The Playoff Strength Plan Every Ice Hockey Coach Needs

By the time playoffs start, nobody is trying to get stronger anymore.

What separates teams now is who can still skate the same way in Game 6 that they did in October.

Tracking data across a full professional hockey season shows that players don’t lose strength in a traditional sense. What drops is how efficiently they can use it. Jump height, force production, and movement mechanics all decline as the season progresses, with the biggest changes showing up in the late phase.

That’s accumulated fatigue sitting in the system.

And if your strength work doesn’t adjust to that reality, it starts working against you. This is exactly where CoachThem helps coaches stay intentional, keeping practices aligned with performance instead of adding unnecessary load.

 

What Actually Changes In Playoff Hockey

 

Playoff hockey increases the density of high-intensity actions within each shift.

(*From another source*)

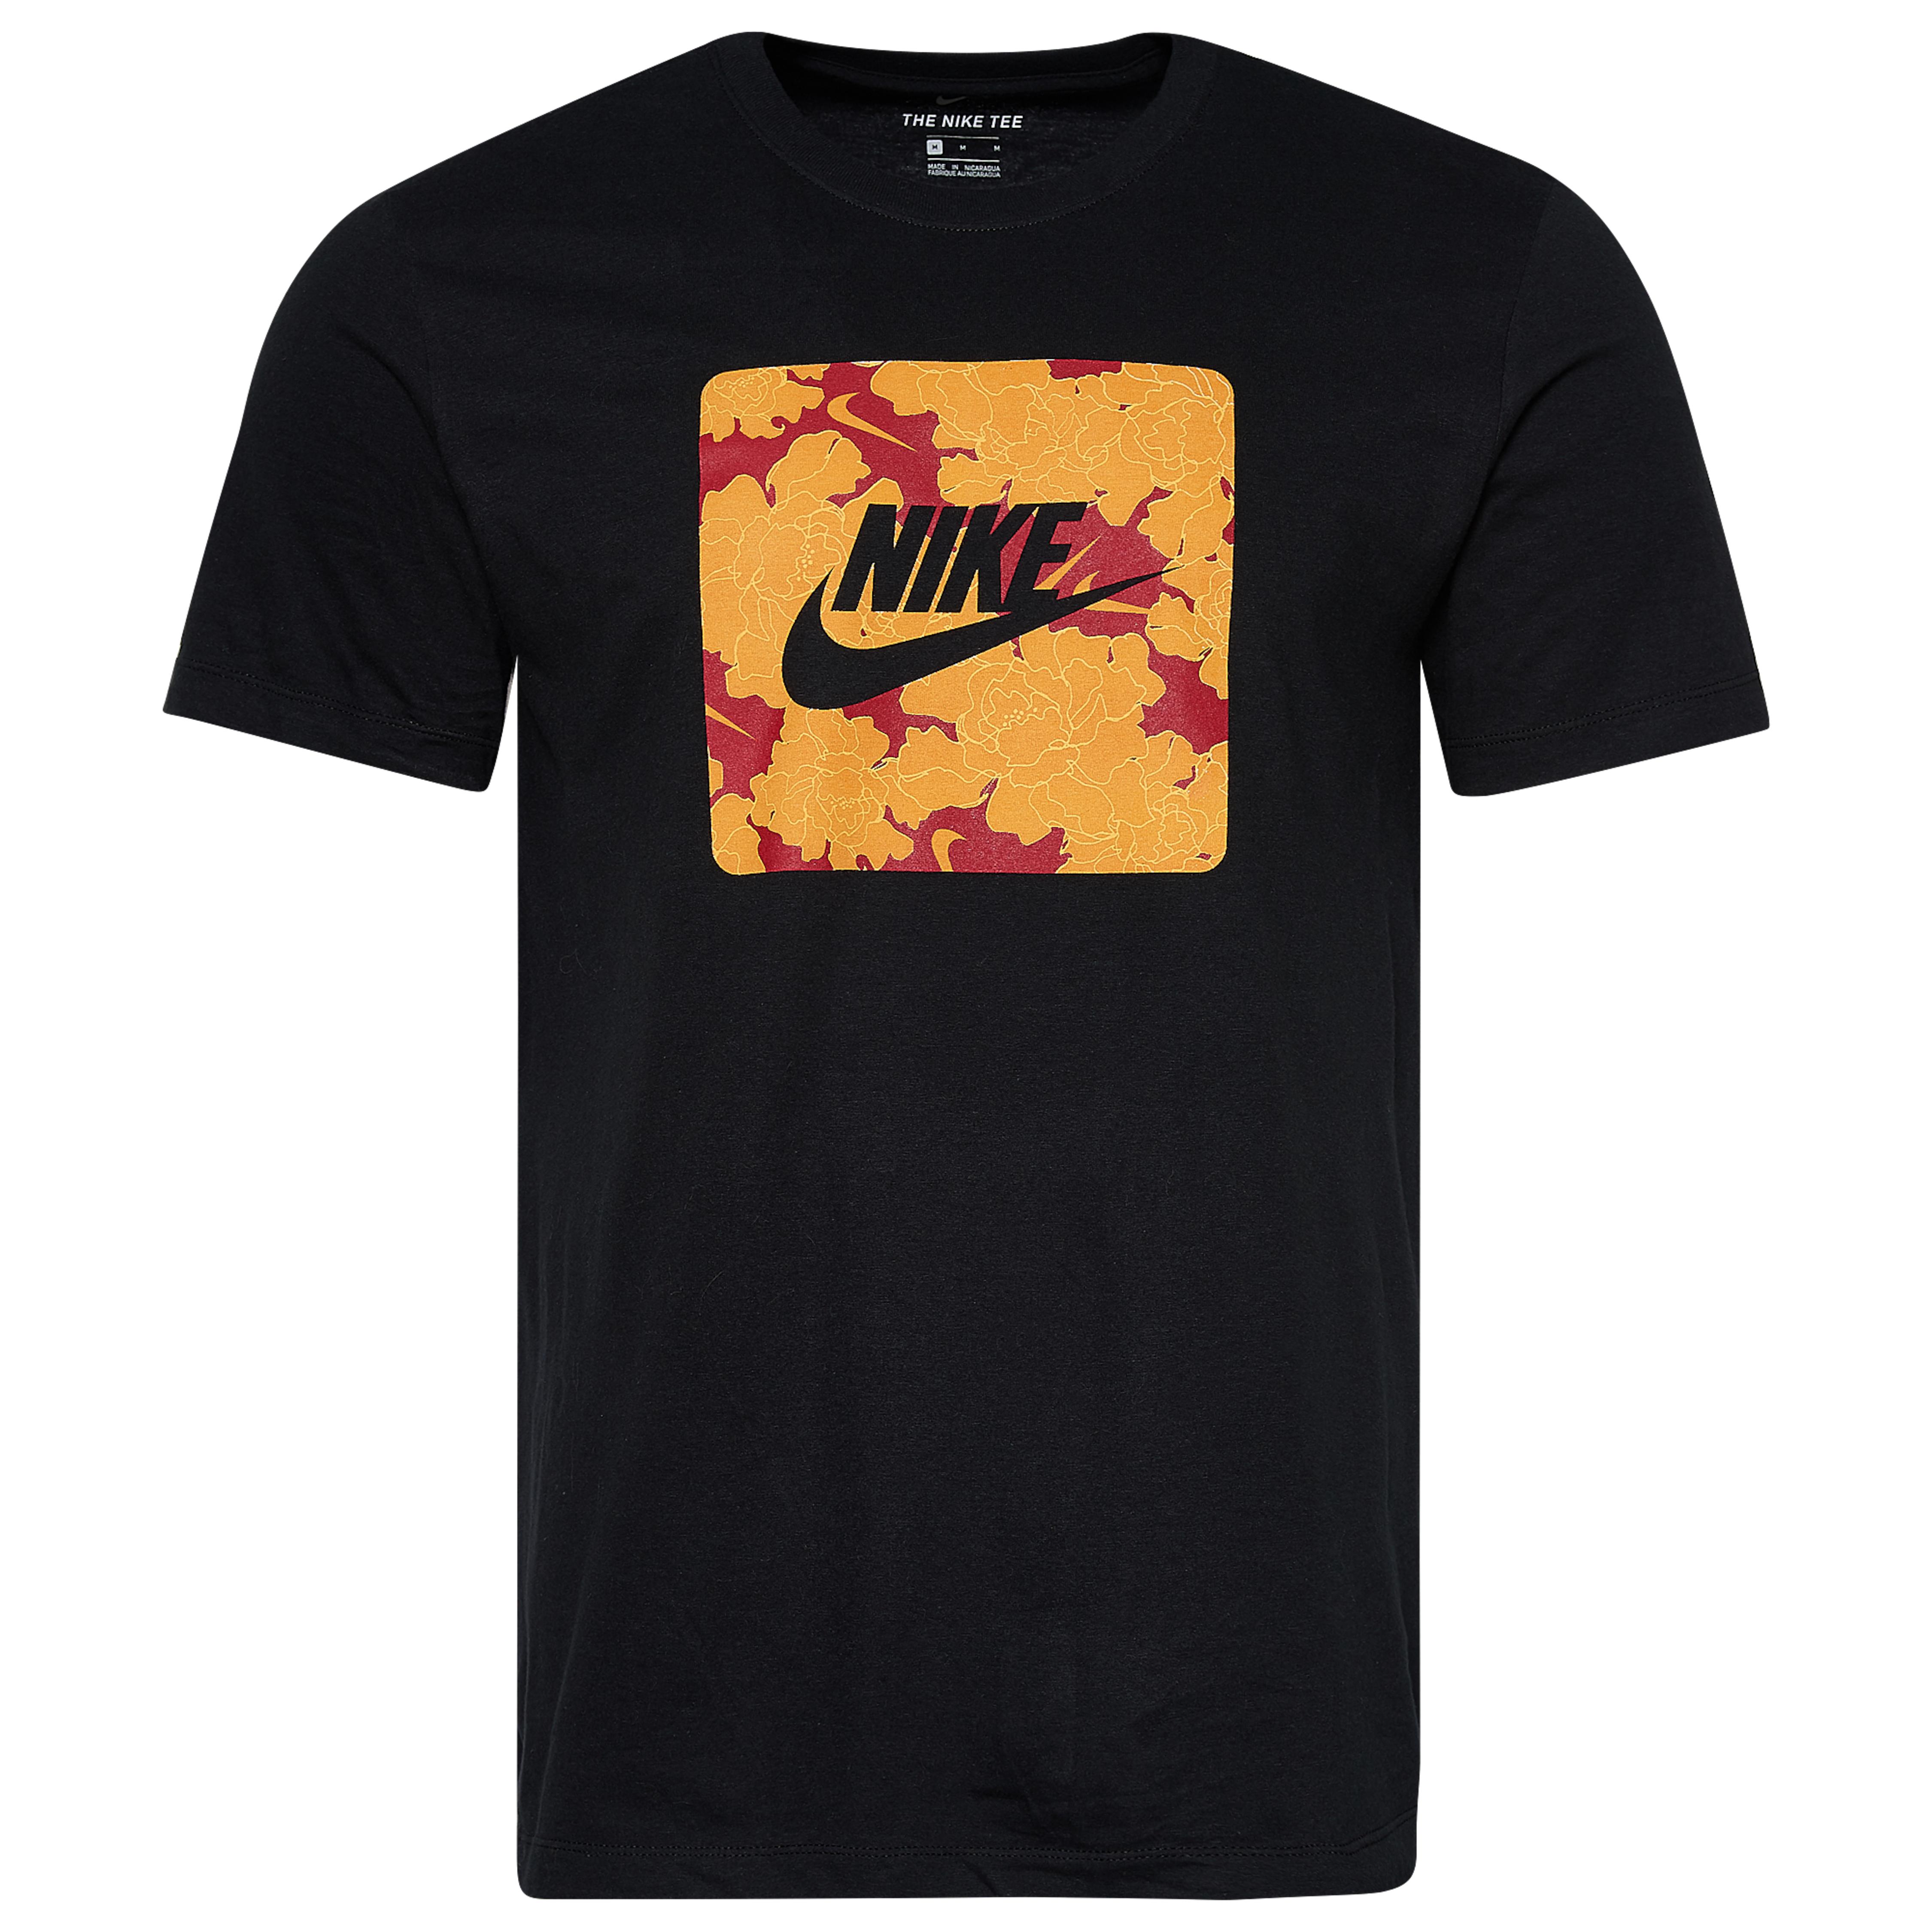 black red and gold nike shirt
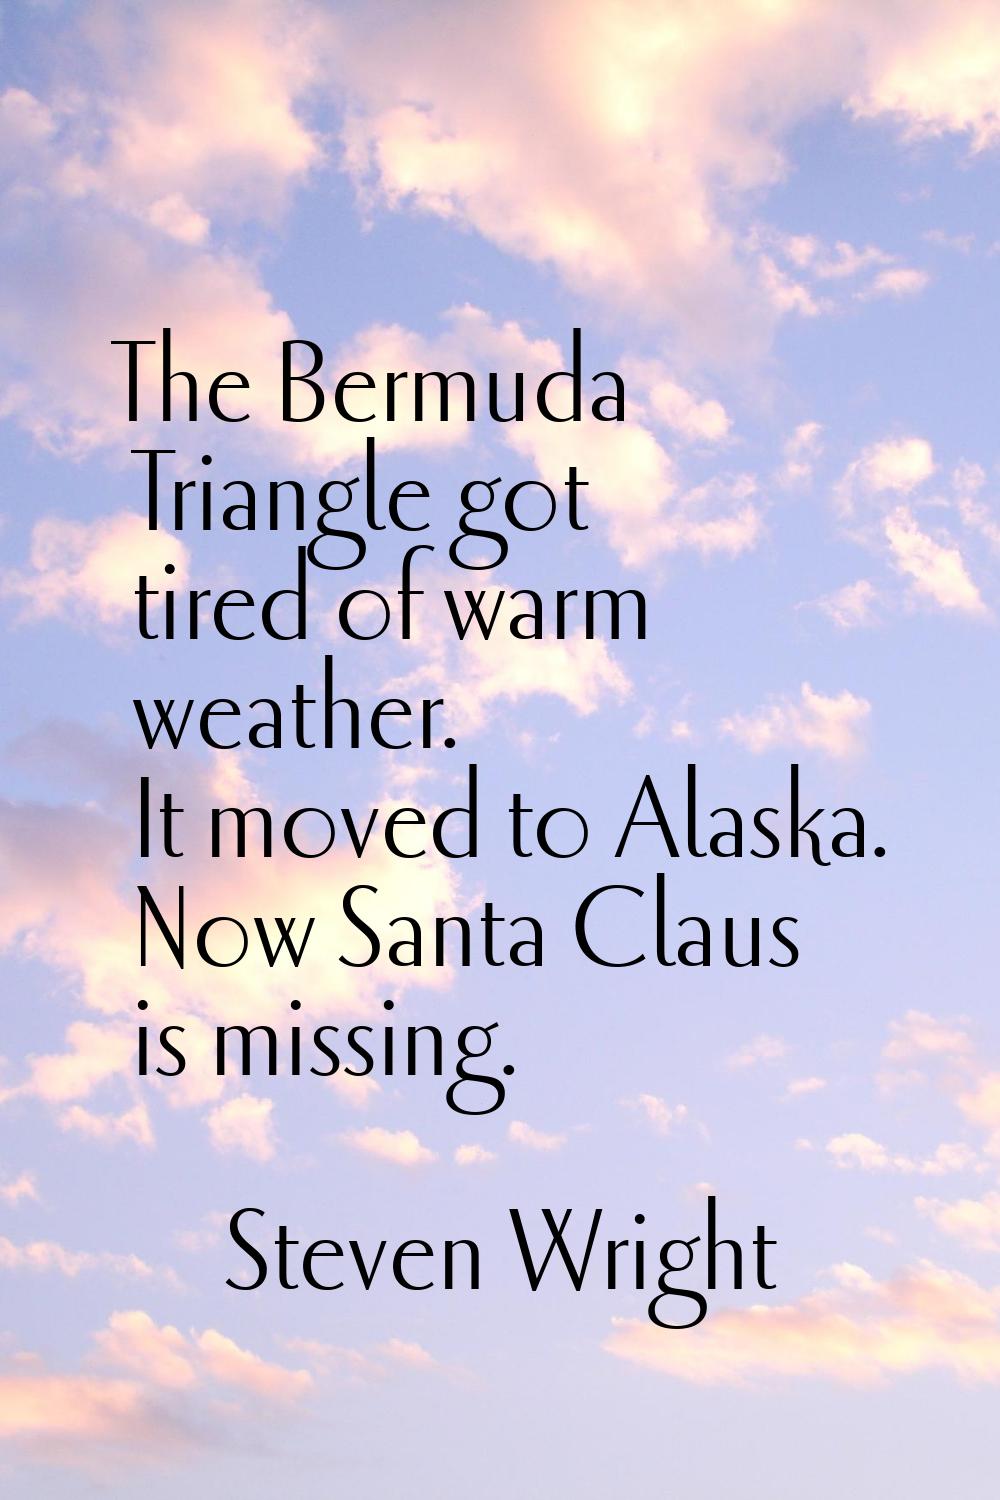 The Bermuda Triangle got tired of warm weather. It moved to Alaska. Now Santa Claus is missing.

A standard shift already requires repeated bursts of maximal skating, typically 30-80 seconds, with nearly 50% of movement occurring at high intensity. What changes in playoffs is how those efforts stack.

Instead of isolated high-speed actions followed by clean recovery, players are forced into repeated sprint sequences with incomplete recovery, which is one of the most demanding physiological patterns in hockey.

As the game progresses, muscle glycogen is progressively depleted, lactate levels remain elevated between shifts, and recovery efficiency drops. By the third period, both skating speed and repeated sprint ability are measurably reduced .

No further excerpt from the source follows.